Increased Fatal and Serious Toxicities in Combination with Melphalan and Prednisone in Newly Diagnosed Transplant-ineligible Patients

  • In a clinical trial of transplant-ineligible patients with newly diagnosed multiple myeloma comparing KYPROLIS, melphalan, and prednisone (KMP) vs bortezomib, melphalan, and prednisone (VMP), a higher incidence of serious and fatal adverse events was observed in patients in the KMP arm. KMP is not indicated for transplant-ineligible patients with newly diagnosed multiple myeloma.

Embryo-fetal Toxicity

  • KYPROLIS can cause fetal harm when administered to a pregnant woman.
  • Females of reproductive potential should be advised to avoid becoming pregnant while being treated with KYPROLIS and for 6 months following the final dose. Males of reproductive potential should be advised to avoid fathering a child while being treated with KYPROLIS and for 3 months following the final dose. If this drug is used during pregnancy, or if pregnancy occurs while taking this drug, the patient should be apprised of the potential hazard to the fetus.

Adverse Reactions

  • The most common adverse reactions in the combination therapy trials: anemia, neutropenia, diarrhea, dyspnea, fatigue, thrombocytopenia, pyrexia, insomnia, muscle spasm, cough, upper respiratory tract infection, hypokalemia.
  • The most common adverse reactions in monotherapy trials: anemia, fatigue, thrombocytopenia, nausea, pyrexia, dyspnea, diarrhea, headache, cough, edema peripheral.

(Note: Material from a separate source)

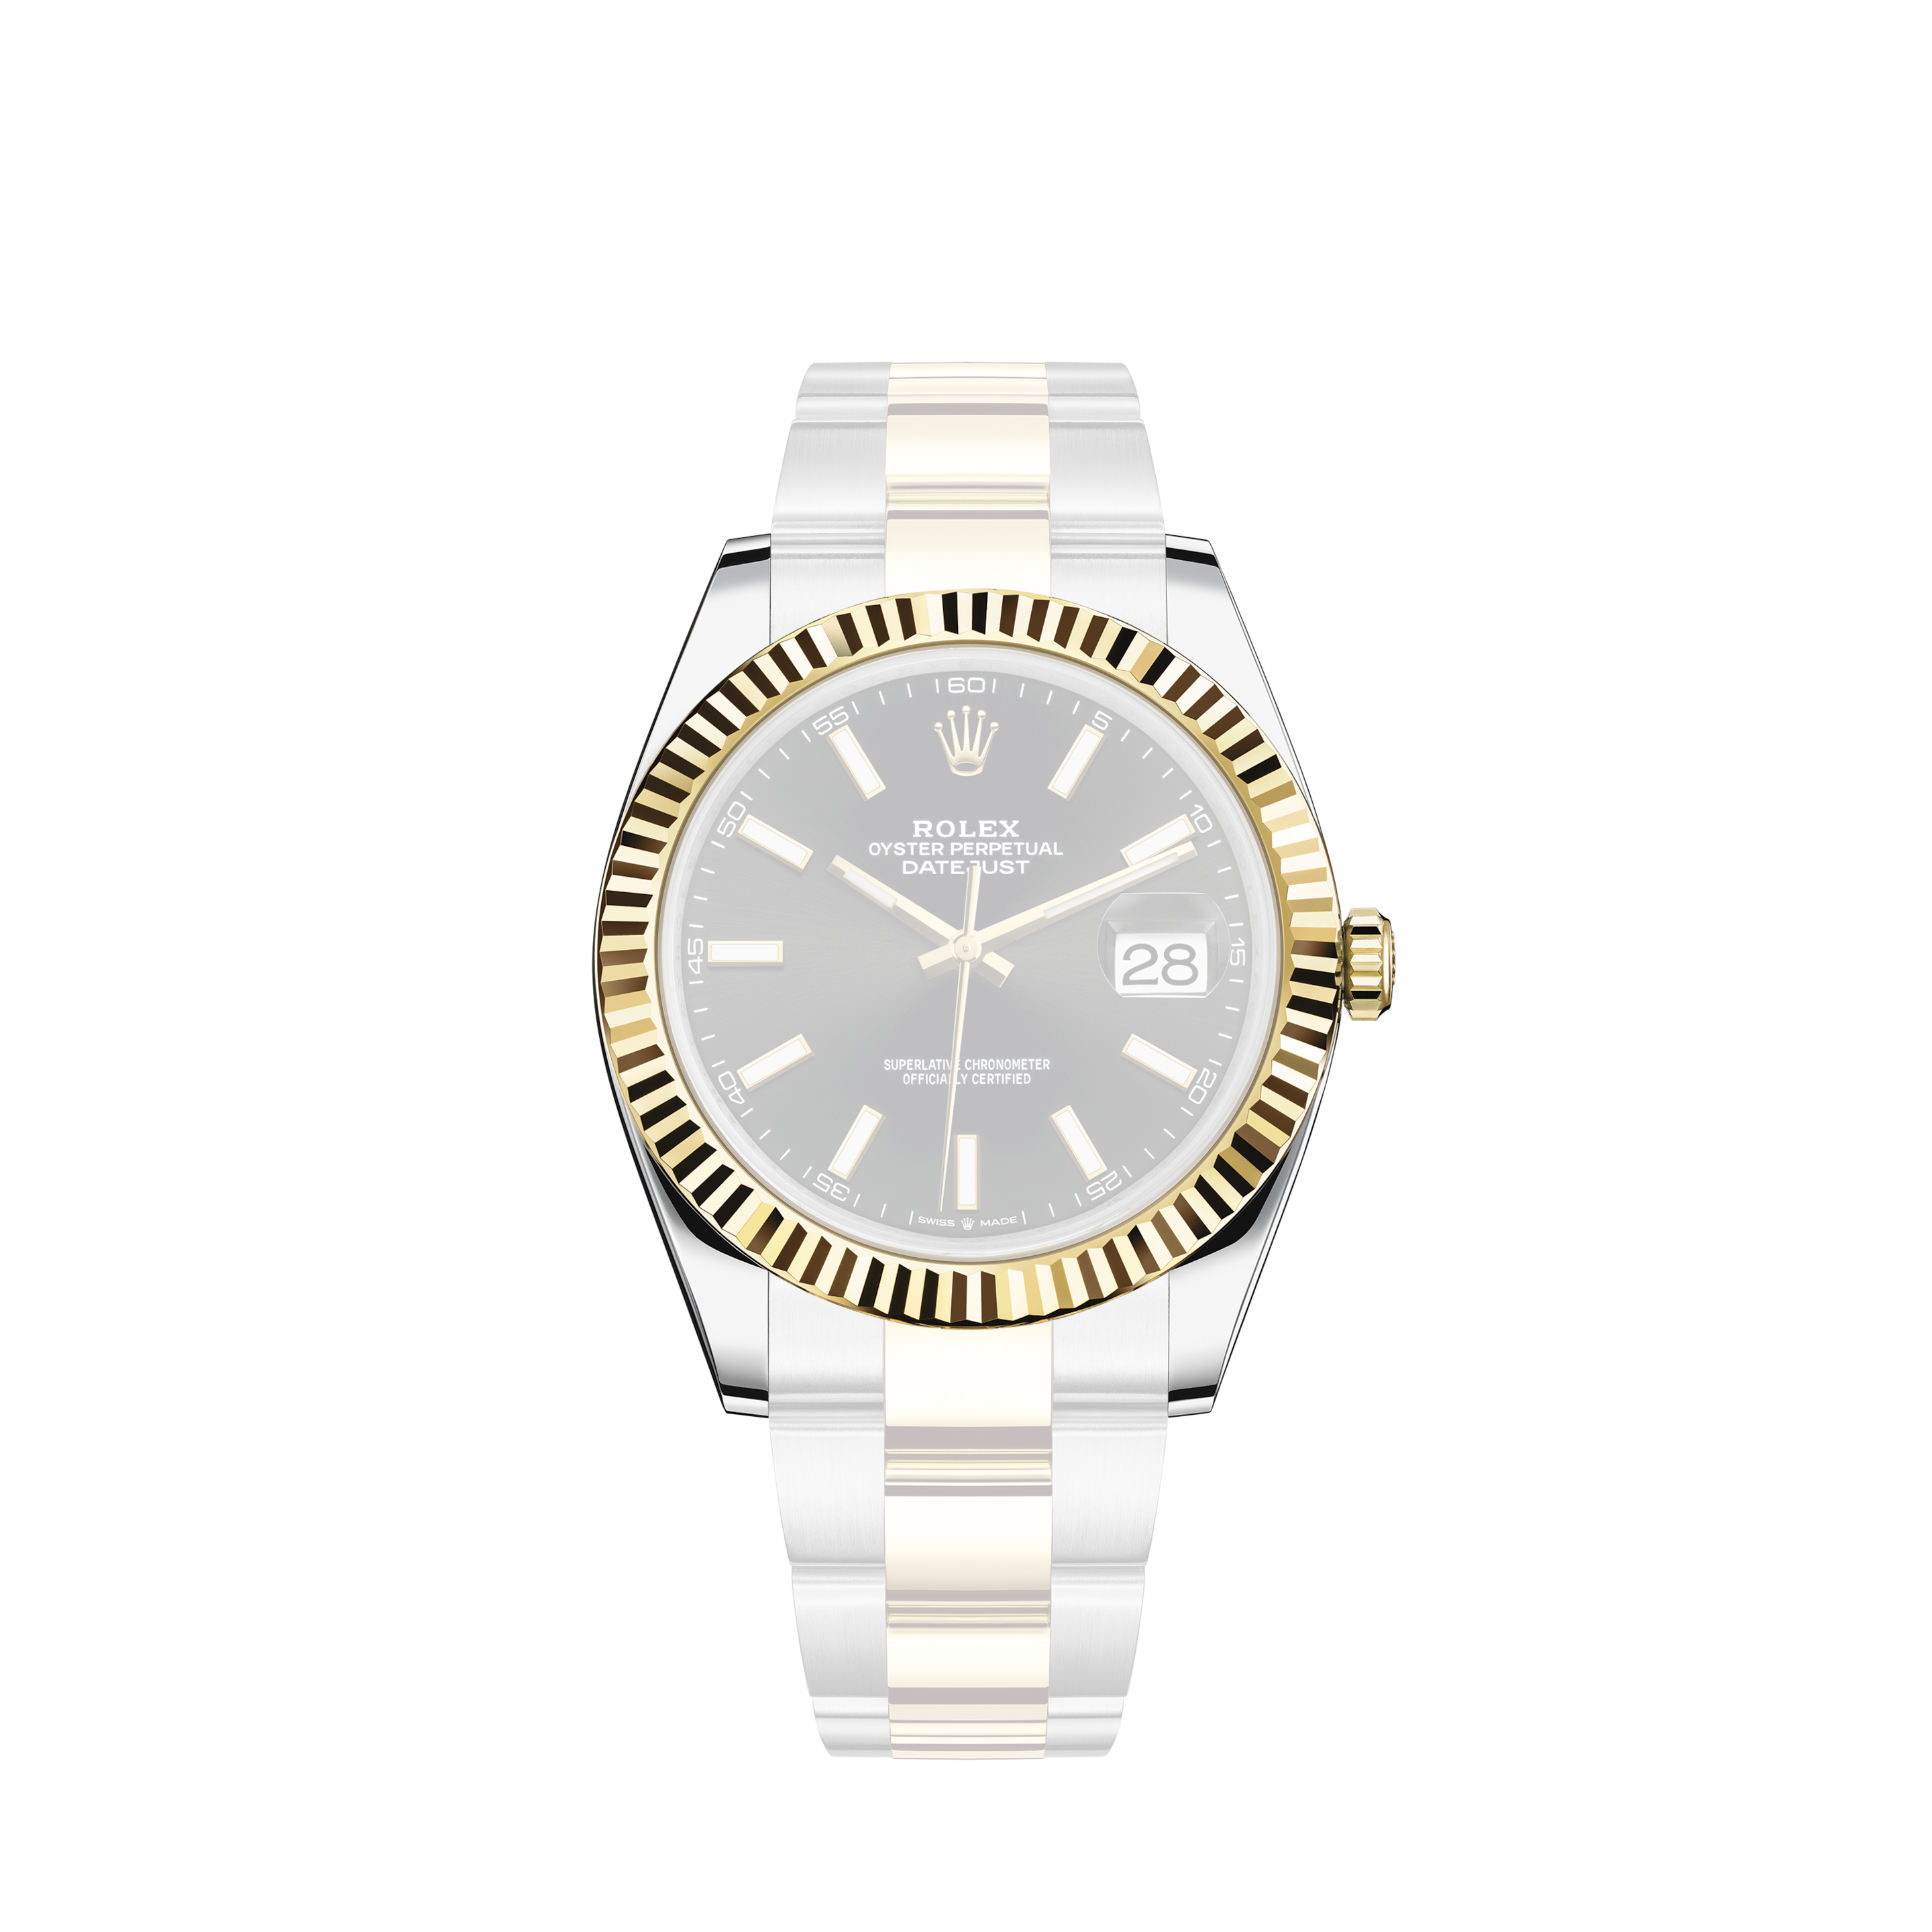 Rolex Submariner - Heritage 6200 Custom refined by EMBER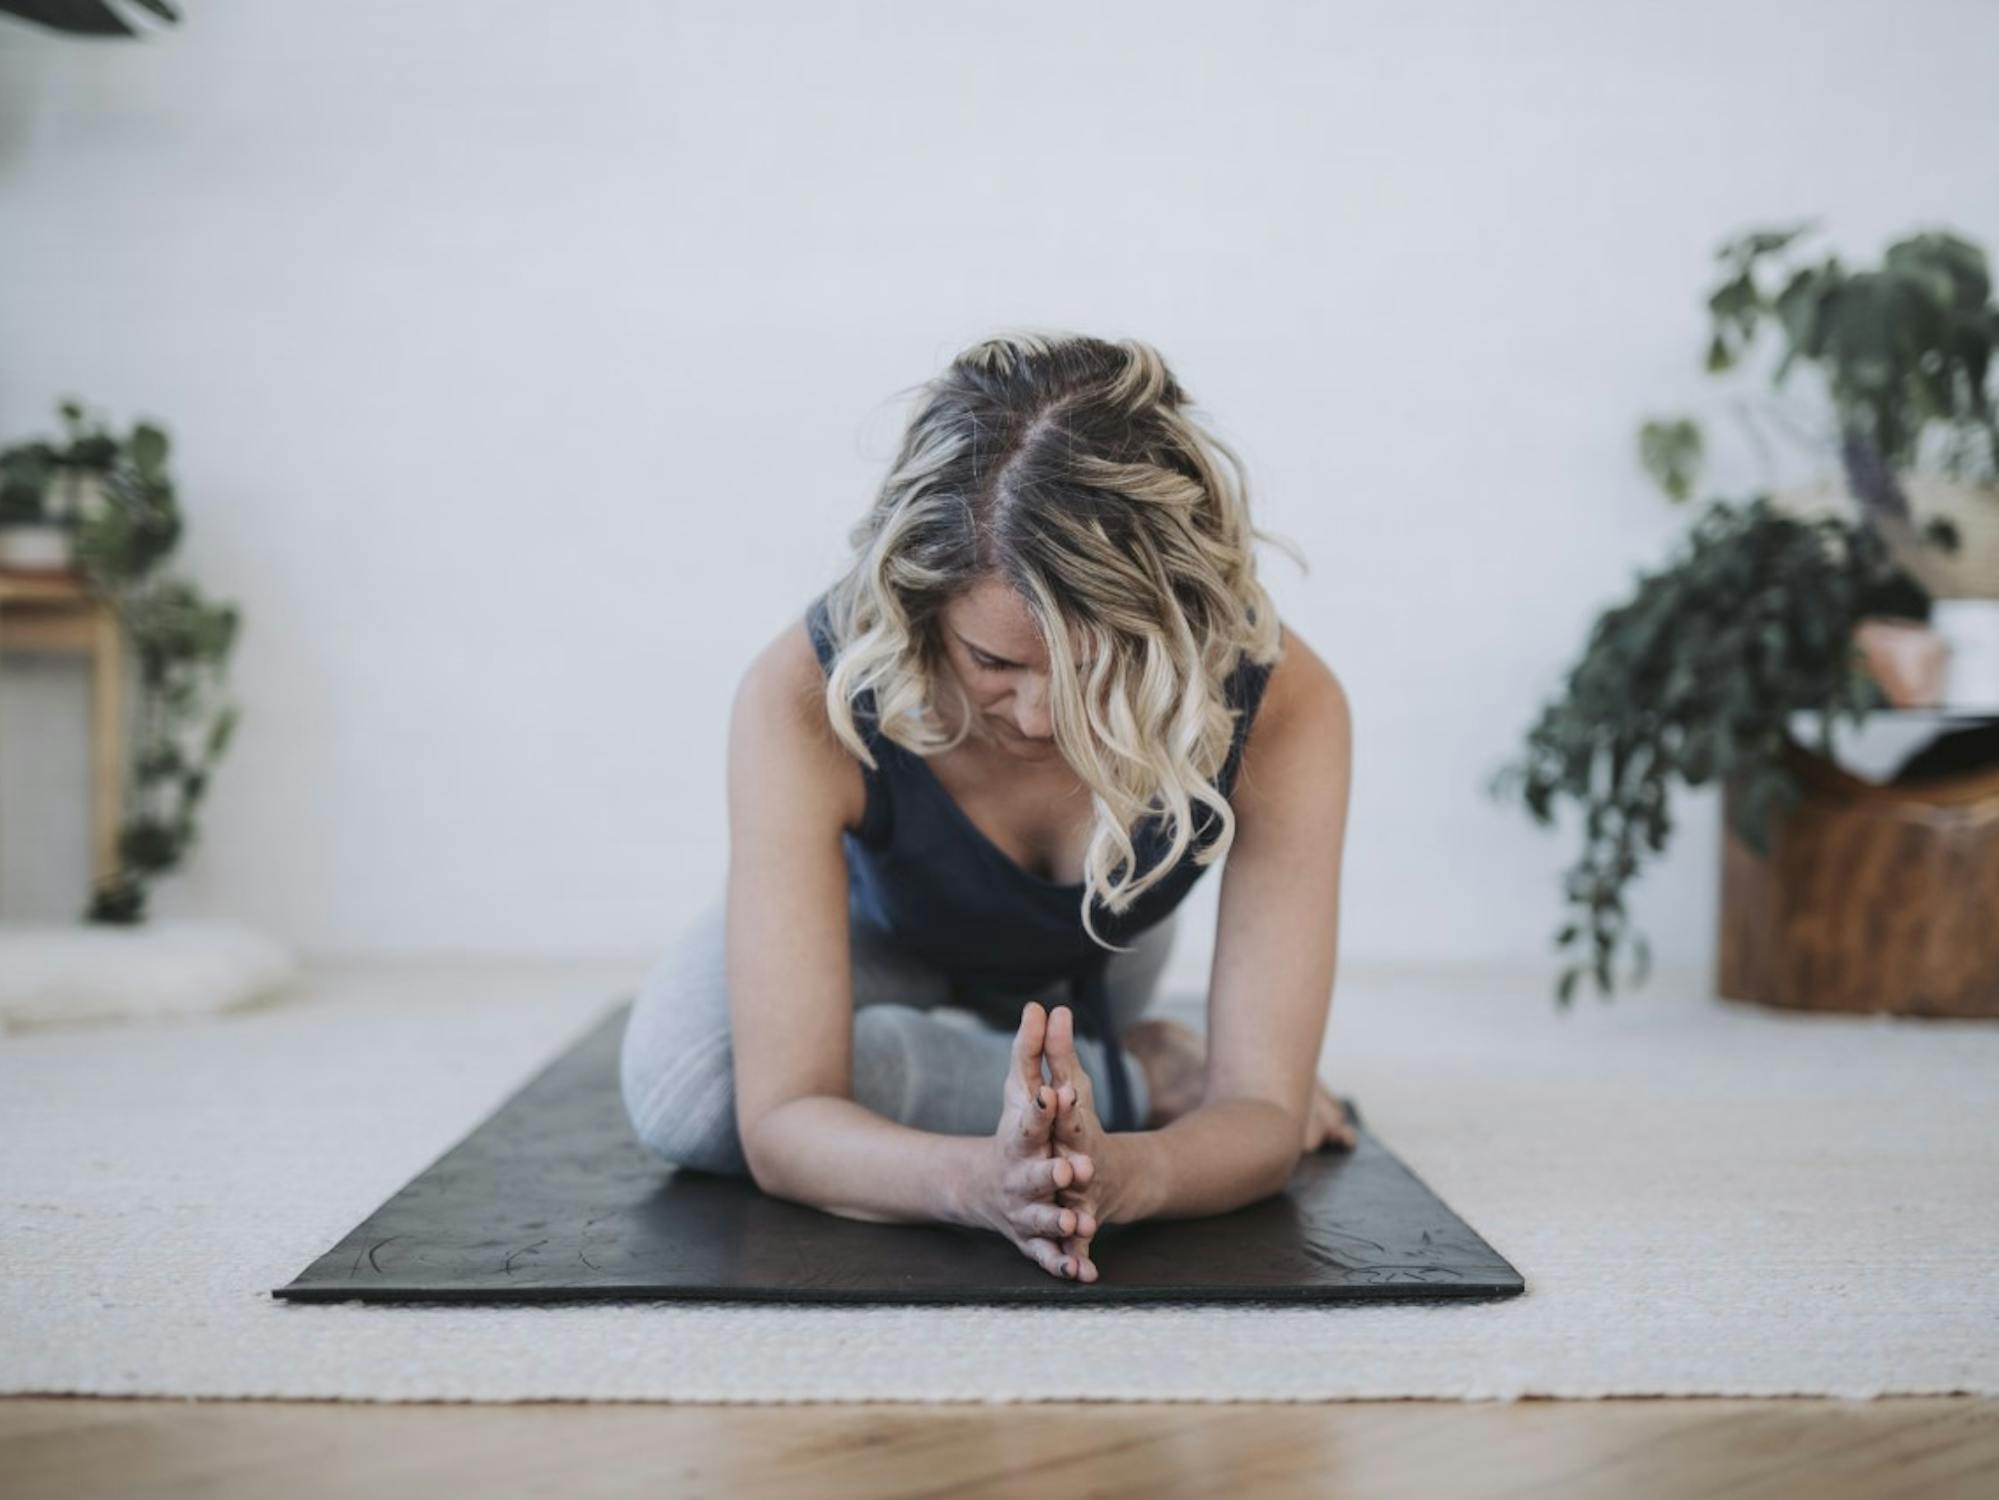 A woman poses on a yoga mat, focusing intently

Please see full Prescribing Information.

INDICATIONS

  • KYPROLIS® (carfilzomib) is indicated in combination with dexamethasone or with lenalidomide plus dexamethasone for the treatment of patients with relapsed or refractory multiple myeloma who have received one to three lines of therapy.
  • KYPROLIS® is indicated as a single agent for the treatment of patients with relapsed or refractory multiple myeloma who have received one or more lines of therapy.